Poetry. Noir. Hot. Sleazy poetry, pretty poetry—tragic, sordid, ecstatic. Erotic poetry.

Which actors would you choose to play your characters in a movie rendition?

Well, it would be a large cast as there are nearly 50 poems that take place all over the world and feature a myriad of characters from various nationalities, races, etc. Being that I’m almost 42, I’d want James Franco to play me when I was a bolder 25-year-old with a knack for being naked—a lot.

What is the one-sentence synopsis of your book?

An intimate and poetic investigation of the young men of night and the men who pay them for their beauty.

Will your book be self-published or represented by an agency?

The wonderful Lethe Press published it. Back in 2011 the amazing Charles Rice-González brought me on board to co-edit the anthology From Macho to Mariposa: New Gay Latino Fiction, so this is, in many ways, a continuation of that relationship.
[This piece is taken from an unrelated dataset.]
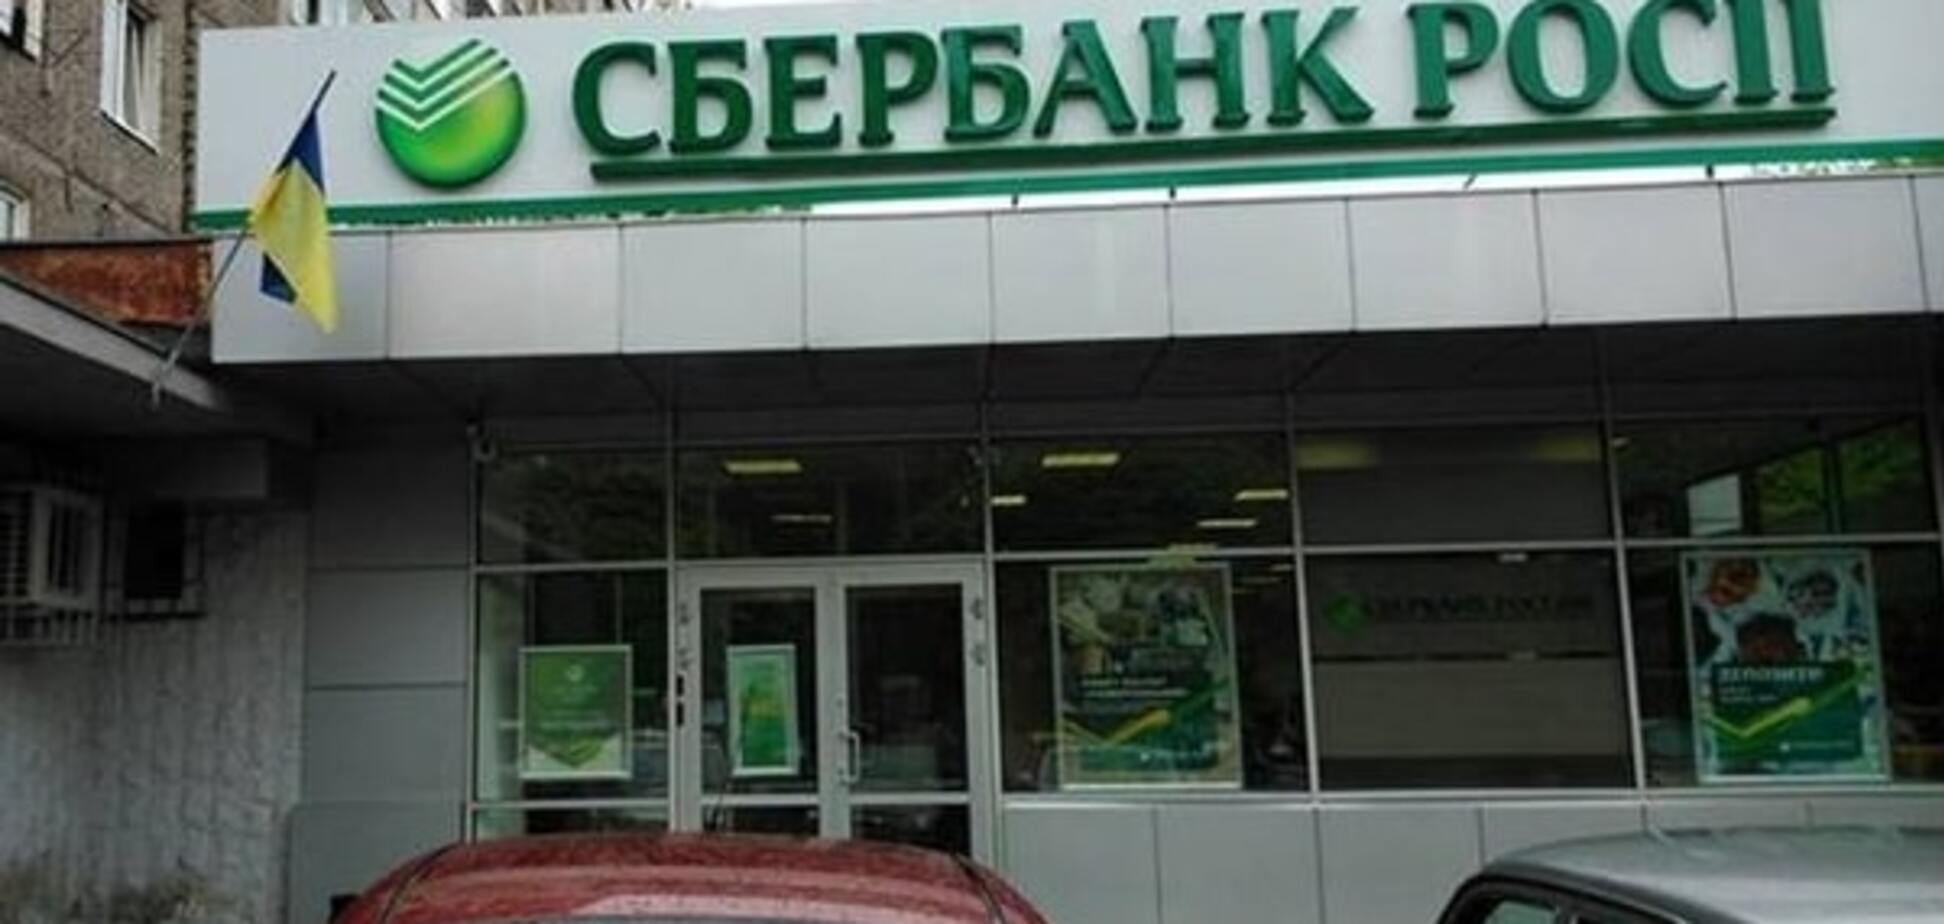 Порошенко предложили запретить 'Сбербанк России' в Украине

David also had a story in that book…small world, eh?

How long did it take you to write the first draft of your manuscript?

David and I started piecing it together back in August of 2012, that is, while working around other projects. He was finishing his sex memoir (Diario de una puta humilde) and I was starting my first stage play and was studying and reading a lot. I decided to take a short break from fiction, to recharge after trying to resurrect my hopeless first novel, so this little detour was the perfect opportunity to invent new dramas. I would say we kept developing the poems for a solid six months or so. Adding, axing, cutting, disintegrating, rearranging.

What other books would you compare this story to within your genre?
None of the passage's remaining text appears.